* **Provided material**:
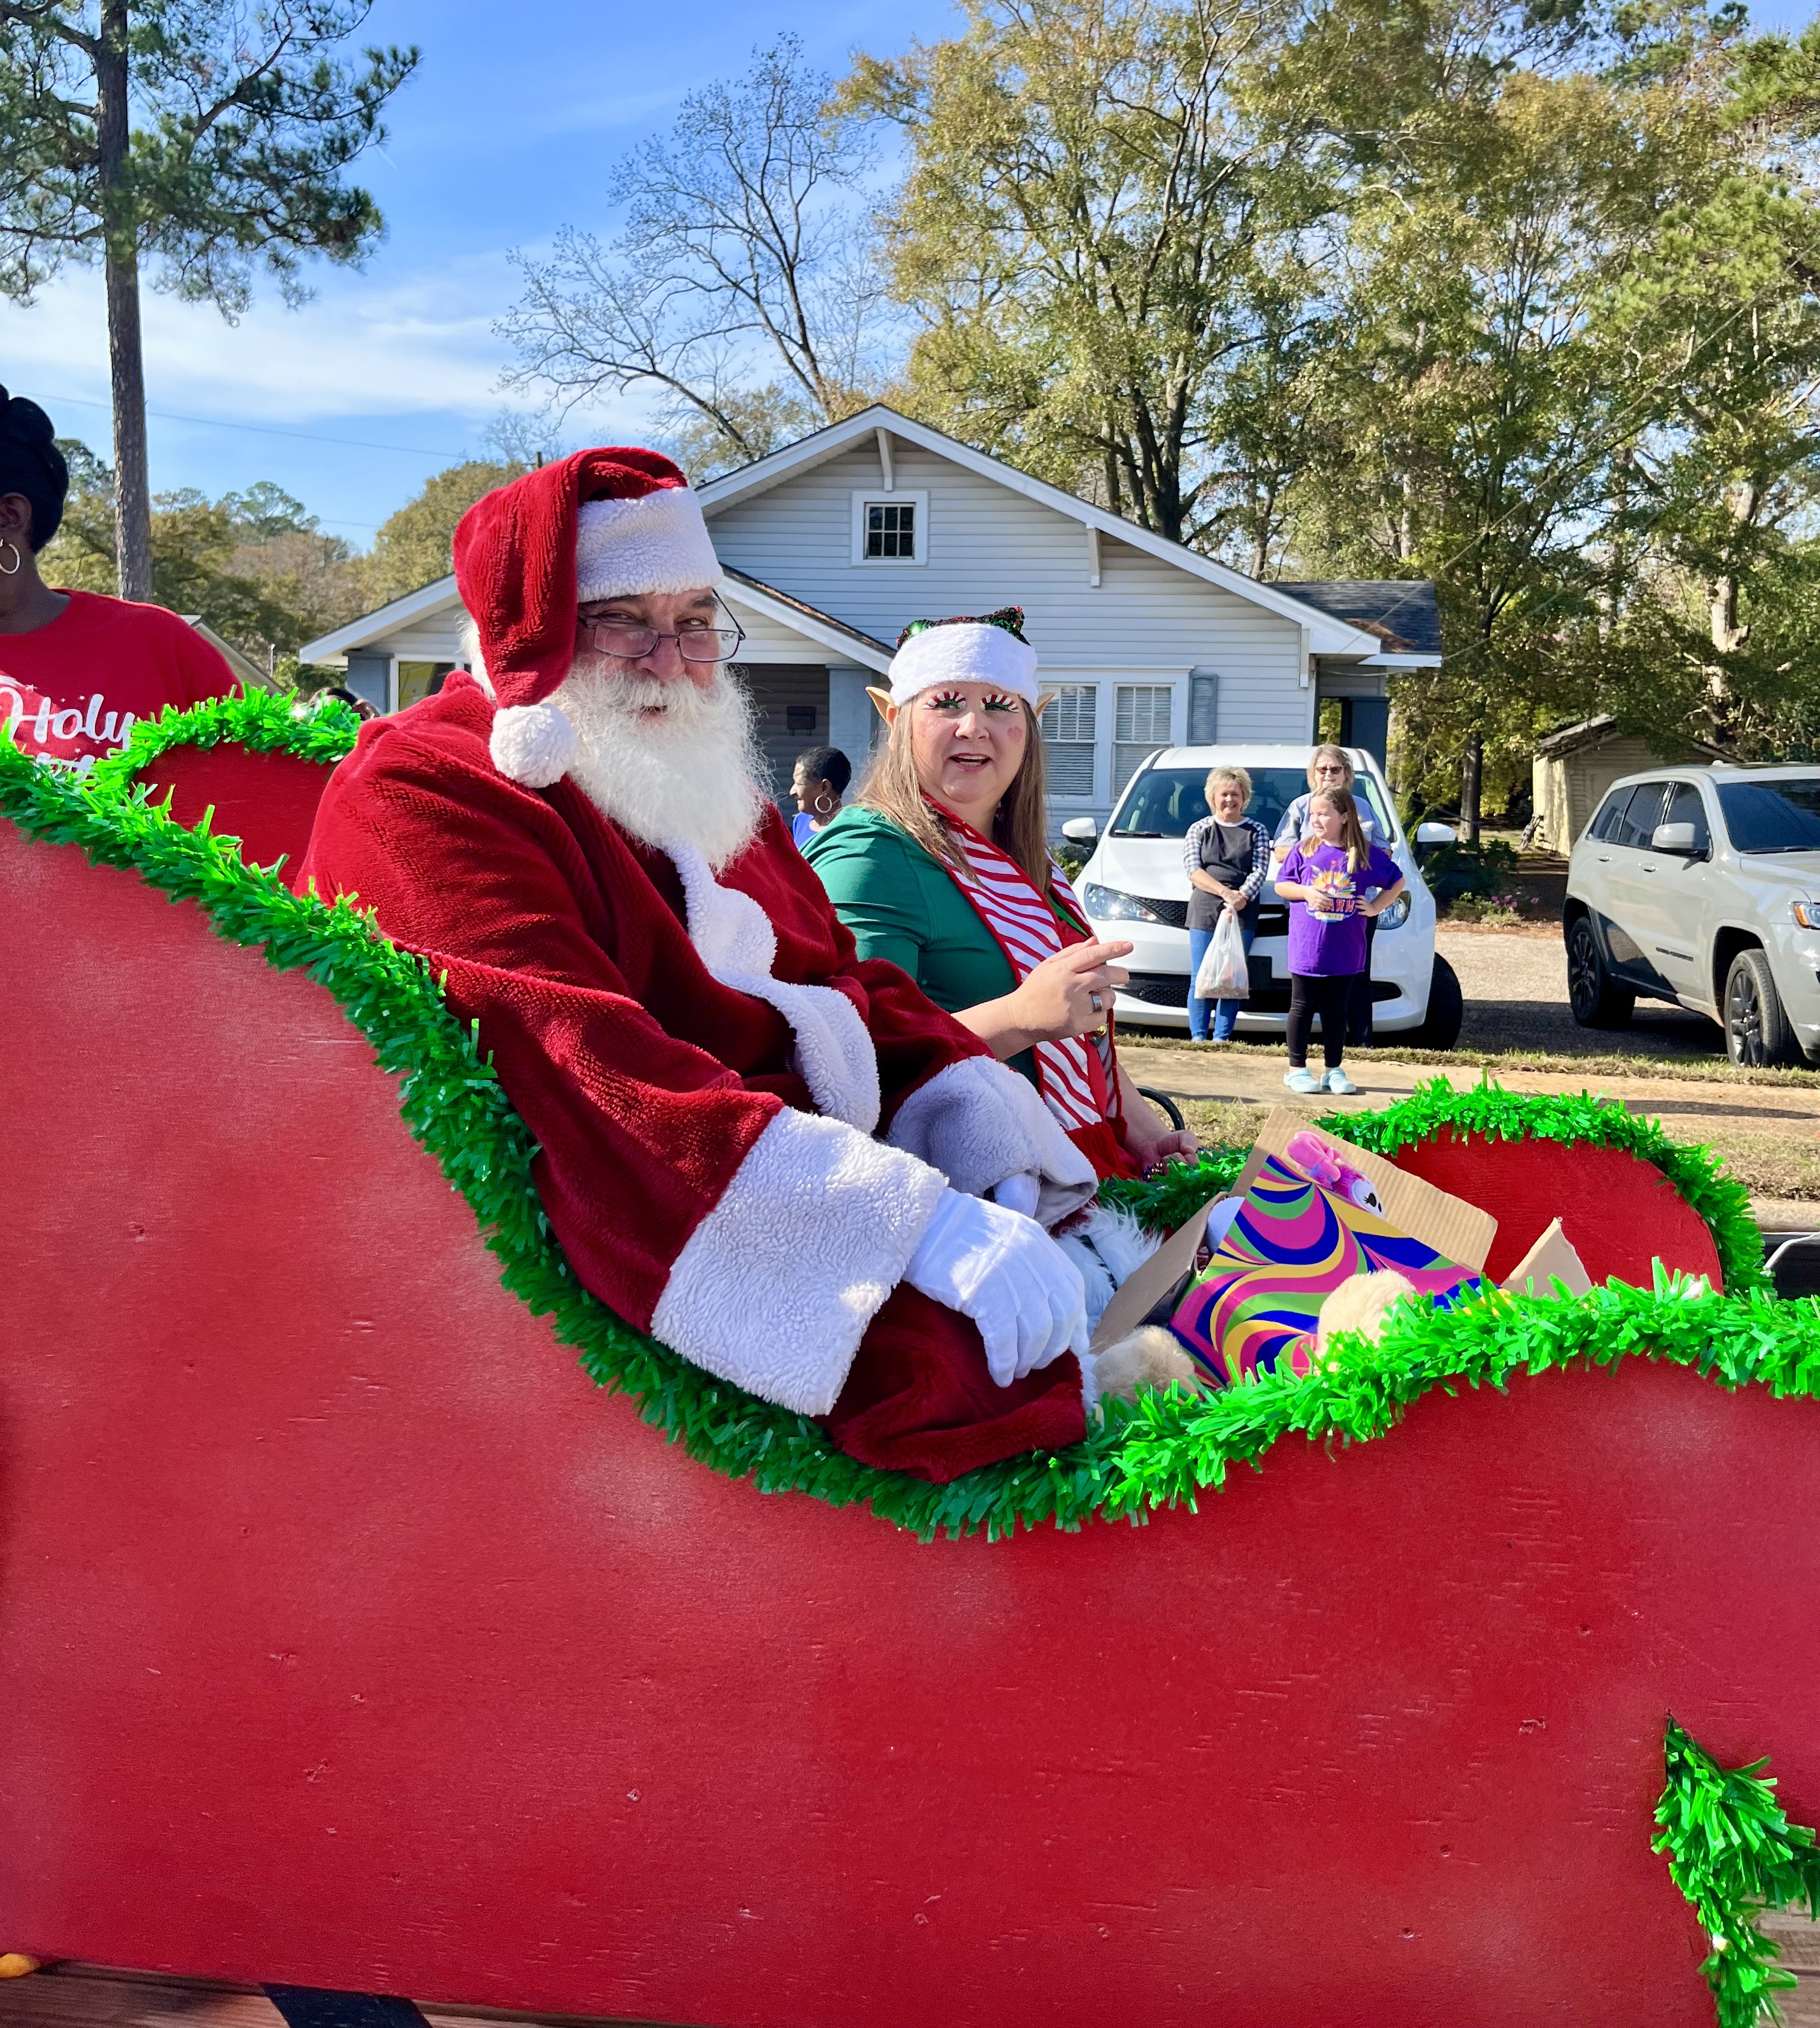 Monroeville's Annual Christmas Parade
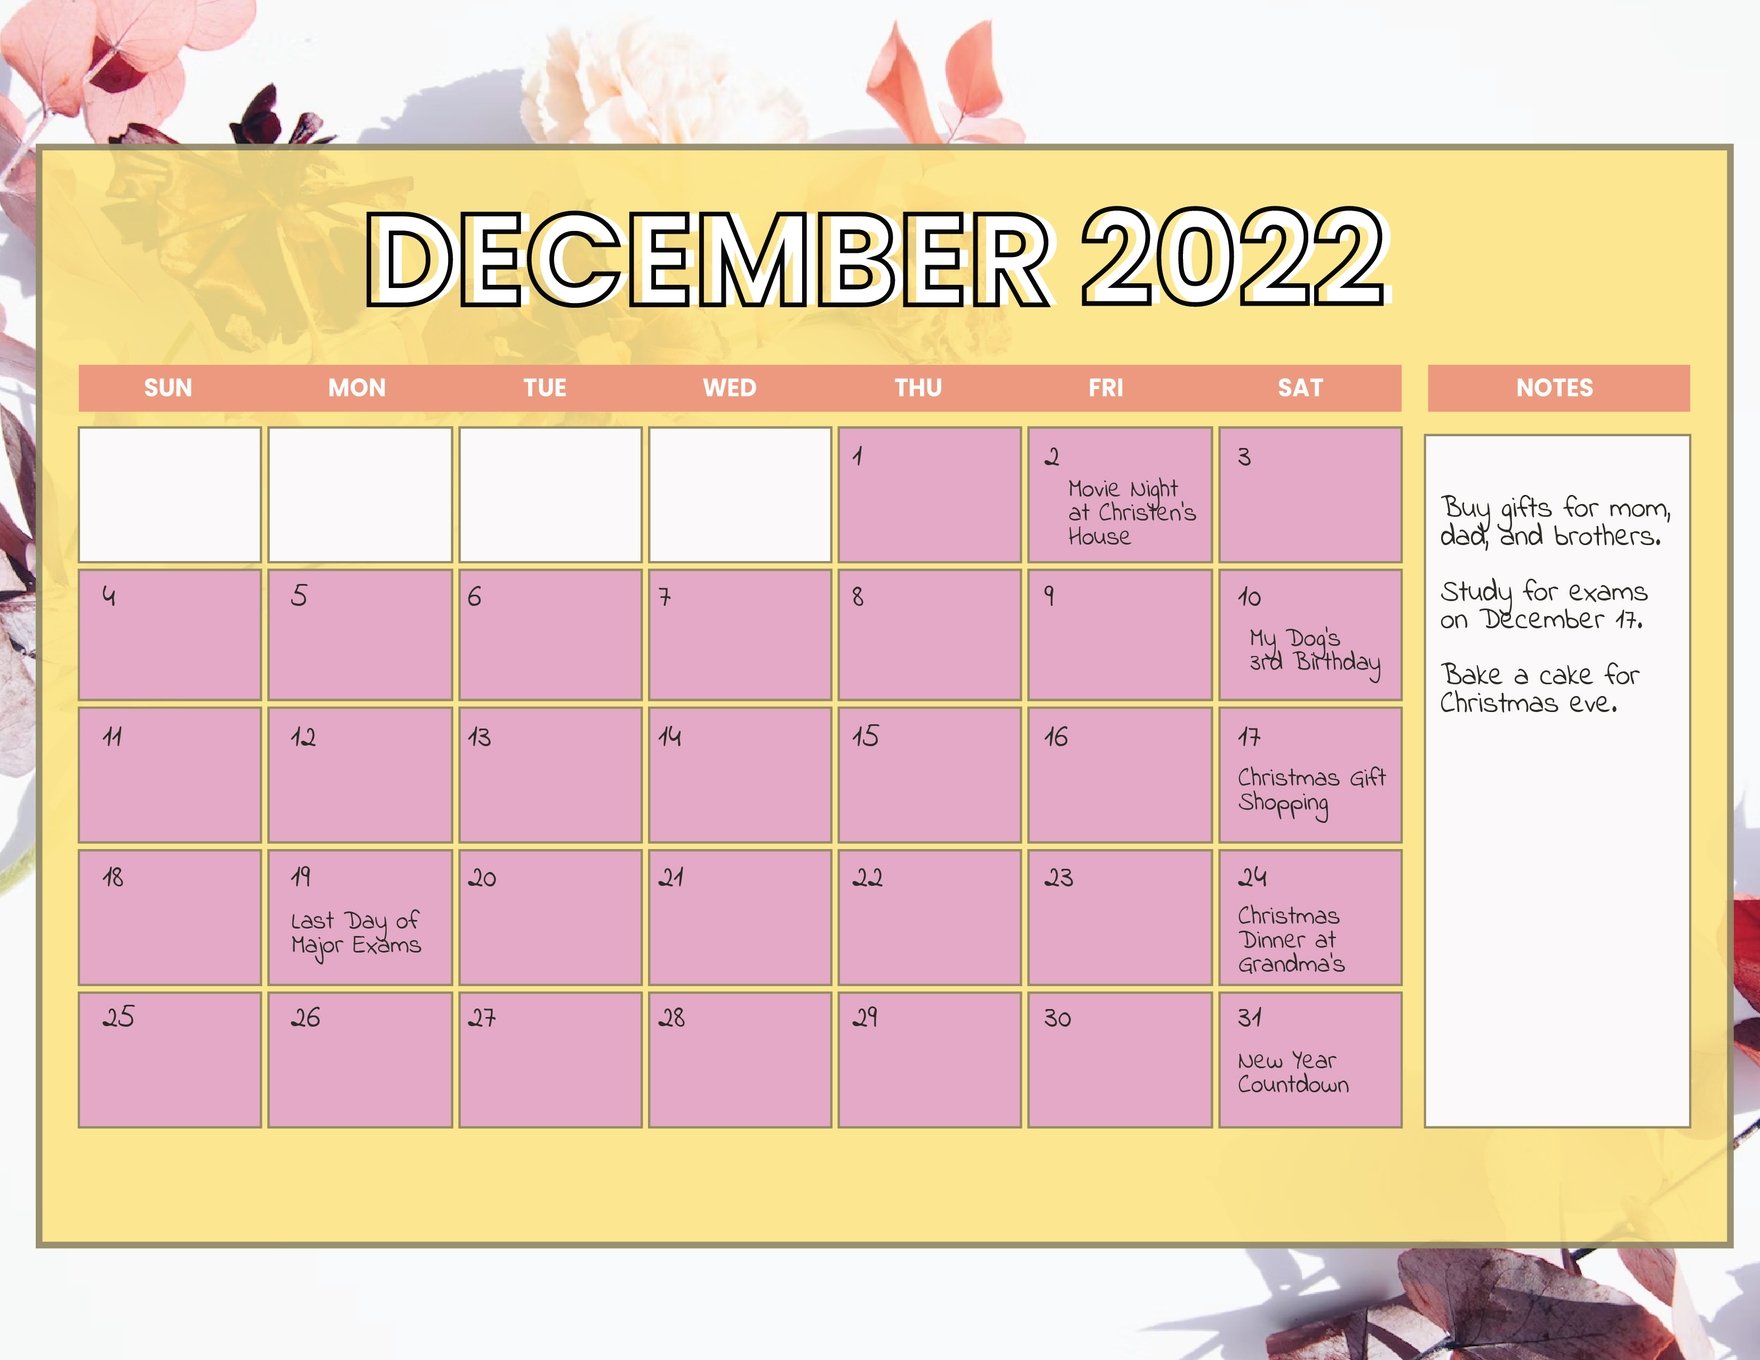 Floral December 2022 Calendar Template in Word, Illustrator, PSD
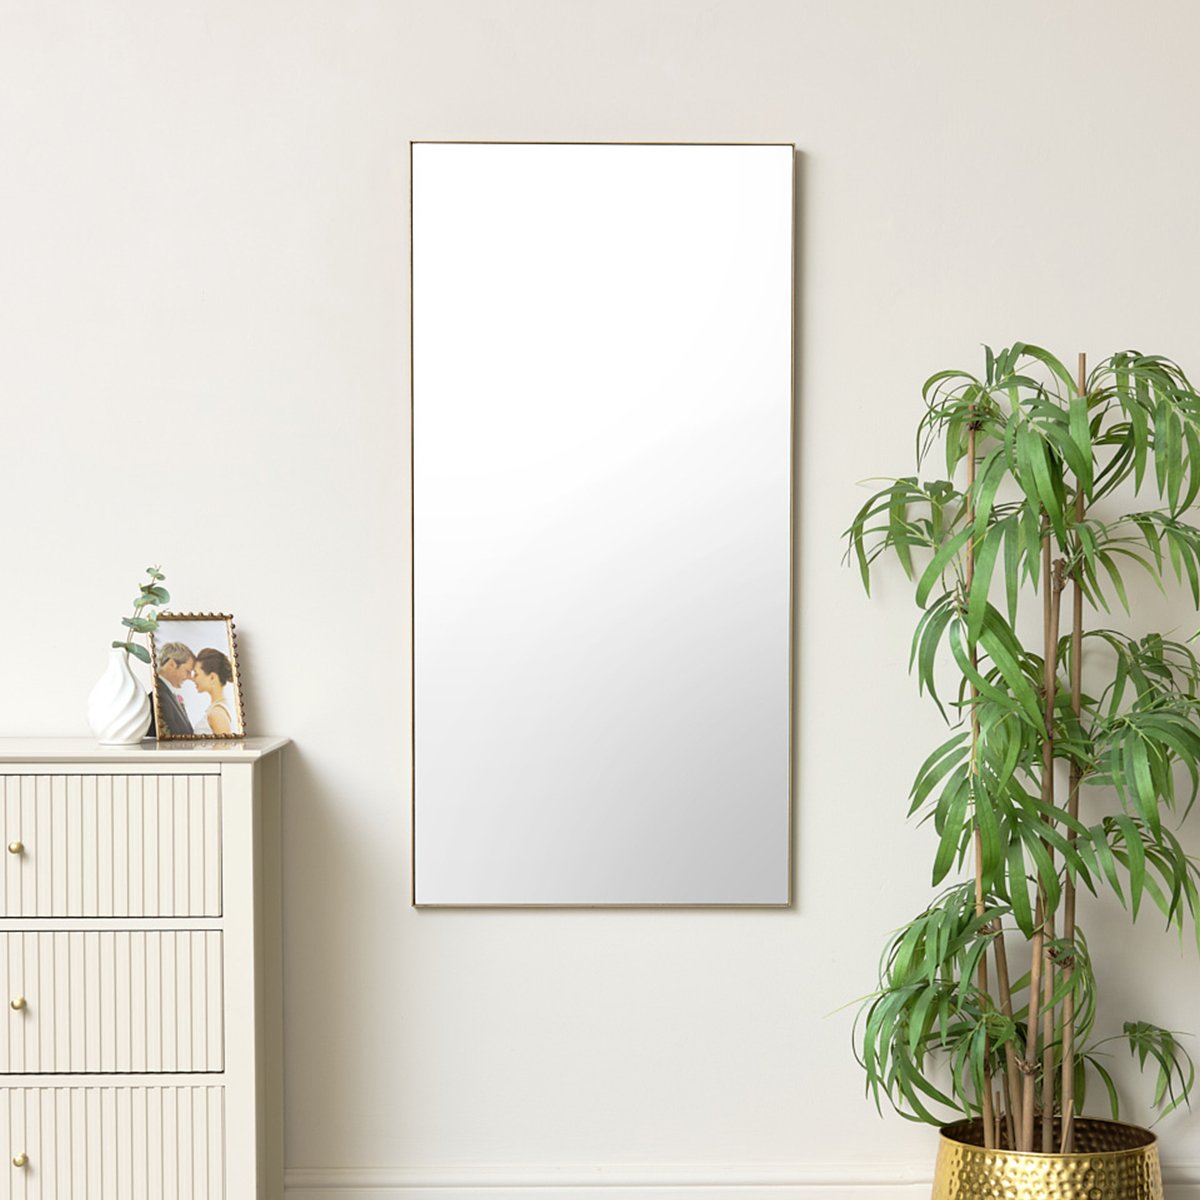 Gold Thin Framed Rectangle Wall Mirror 110cm x 55cm
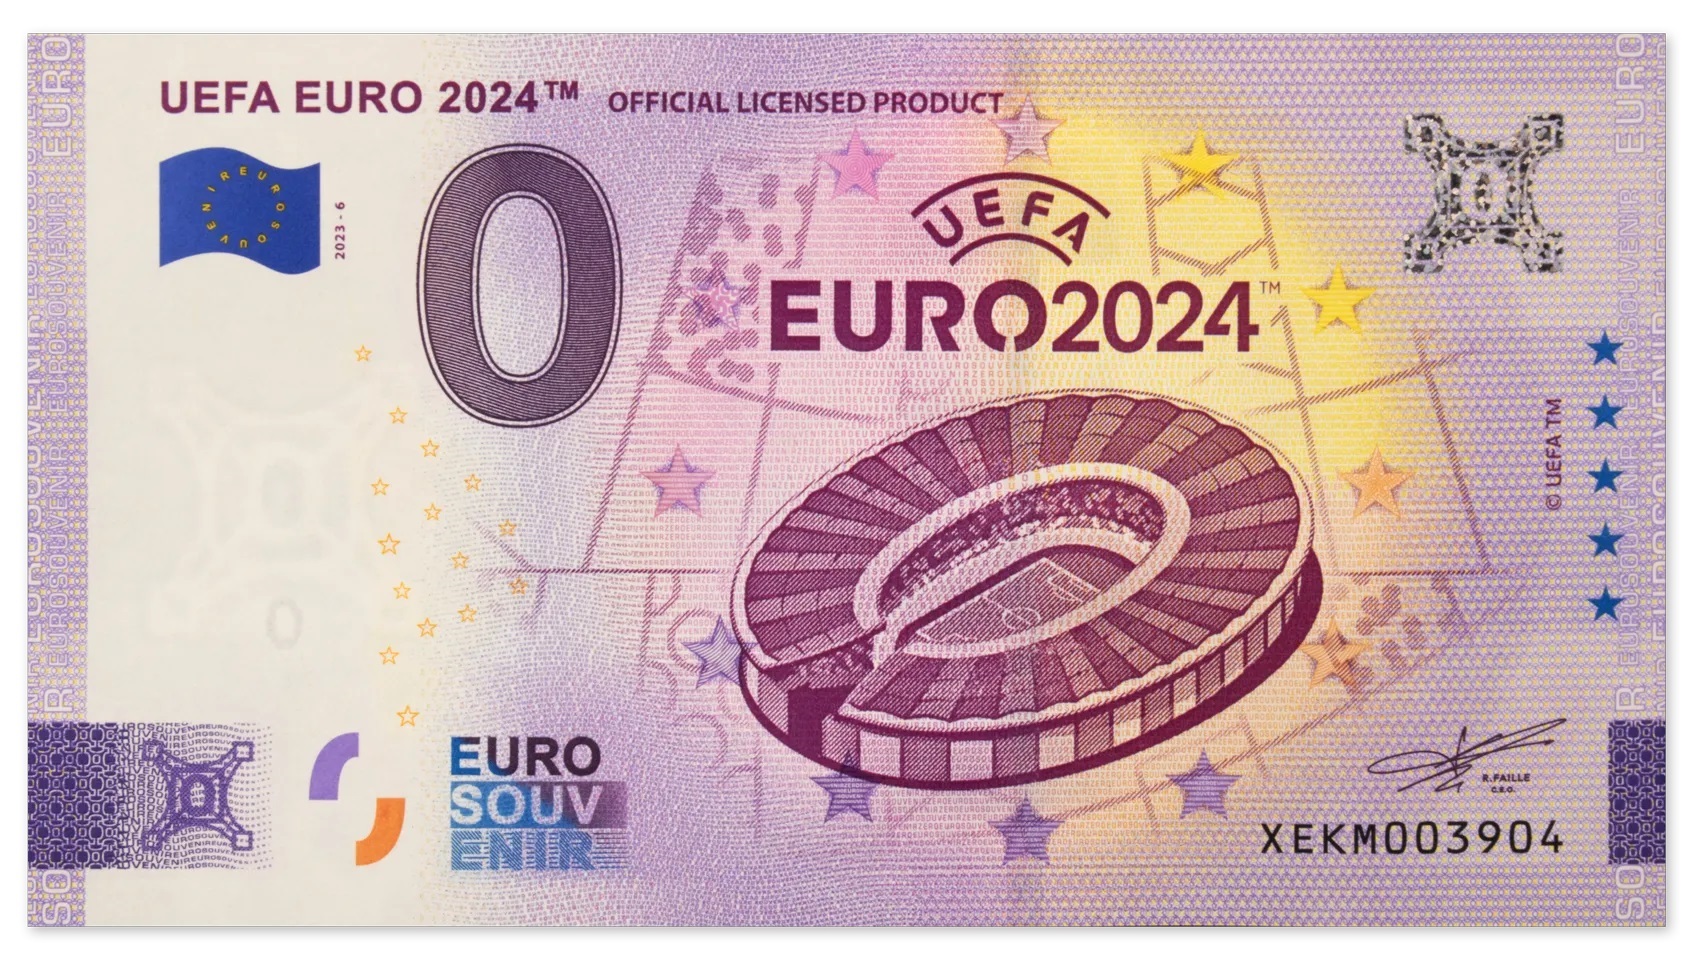 (EURBILLS.0.euro.2024.1.RF.E.XEKM.4) 0 euro banknote Germany 2024 - UEFA Euro, Germany 2024 (stadium) Front (zoom)

* **About this task**: With all pictures omitted, return the lines from the line containing "Floral December 2022" through the closing line of the listing above, exactly and inclusive.

* **Response area**:
 Floral December 2022 Calendar Template in Word, Illustrator, PSD
 Gold Thin Framed Rectangle Wall Mirror 110cm x 55cm
 (EURBILLS.0.euro.2024.1.RF.E.XEKM.4) 0 euro banknote Germany 2024 - UEFA Euro, Germany 2024 (stadium) Front (zoom)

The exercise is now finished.